The study identifies a cyclical relationship between frailty and malnutrition in IBD patients and quantifies specific risk factors for frailty.

## Key findings

- 21.67% of IBD patients were classified as frail, with 46.67% prefrail and 31.6% nonfrail.
- Frailty was negatively correlated with BMI, hemoglobin, and albumin levels.
- Lower BMI, poor nutrition, worse disease state, and lower albumin levels were significant risk factors for frailty.

## Abstract

To analyze the current status of frailty and the primary factors influencing frailty in patients with inflammatory bowel disease (IBD).

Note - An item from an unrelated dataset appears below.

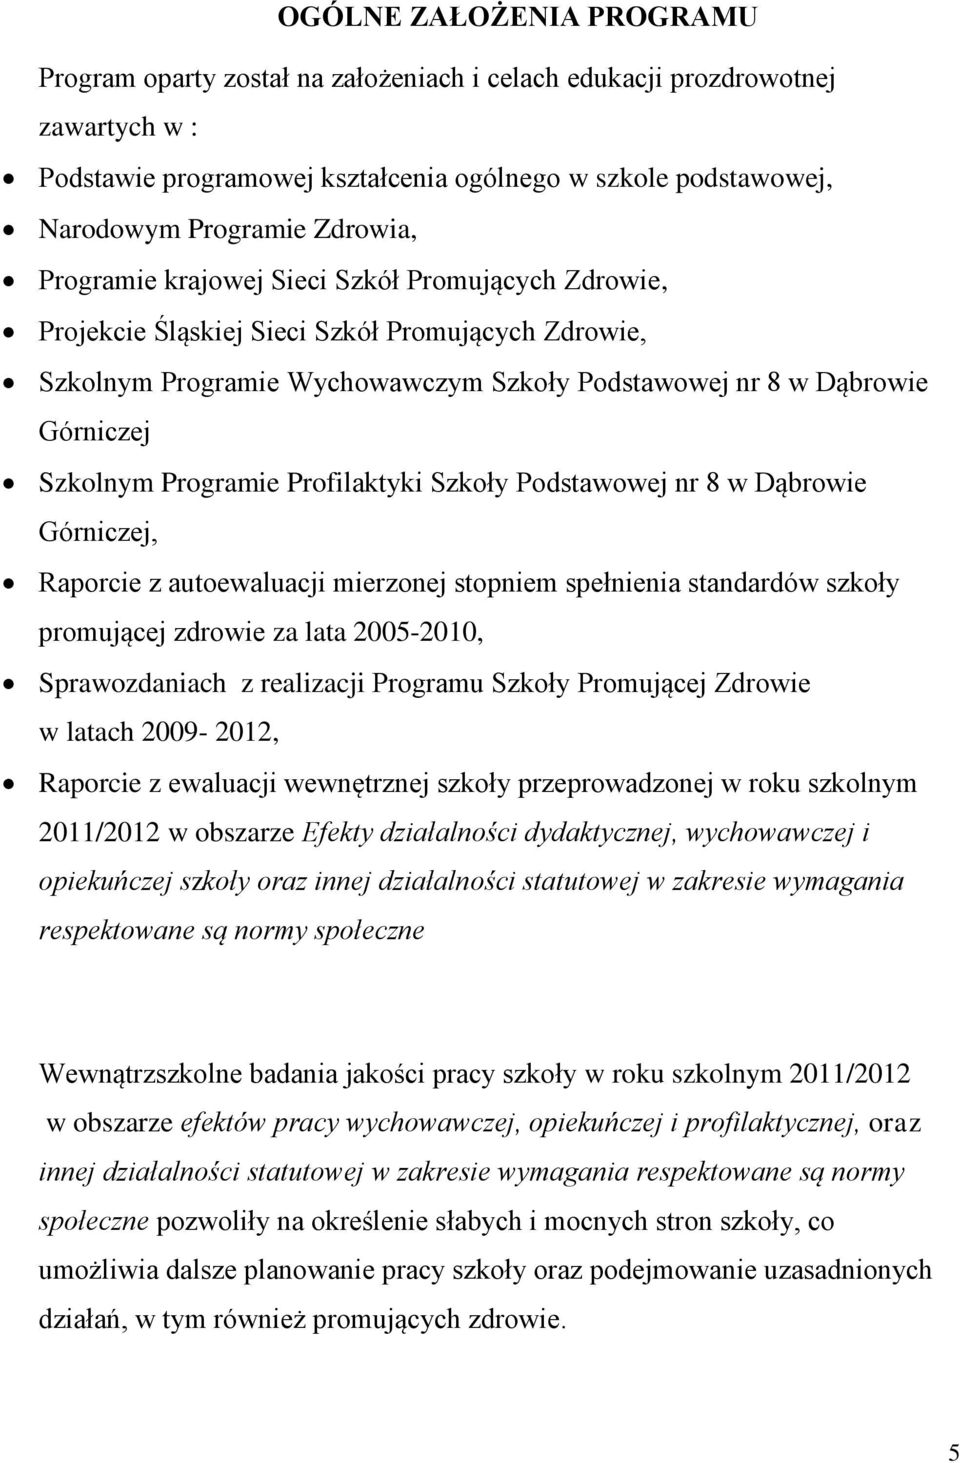 Programie Profilaktyki Szkoły Podstawowej nr 8 w Dąbrowie Górniczej, Raporcie z autoewaluacji mierzonej stopniem spełnienia standardów szkoły promującej zdrowie za lata 2005-2010, Sprawozdaniach z

We conducted a study using a fixed-point consecutive sampling method to investigate hospitalized patients with IBD aged 18 years or older in the Gastroenterology Department of a general hospital in Anhui, China, from July 2022 to July 2023. We also assessed the prevalence of frailty and malnutrition using the frailty phenotype scale (trial of fatigue, grip strength, physical activity, walking speed, and weight loss) and the Global Leadership Initiative on Malnutrition criteria to analyze the factors influencing frailty.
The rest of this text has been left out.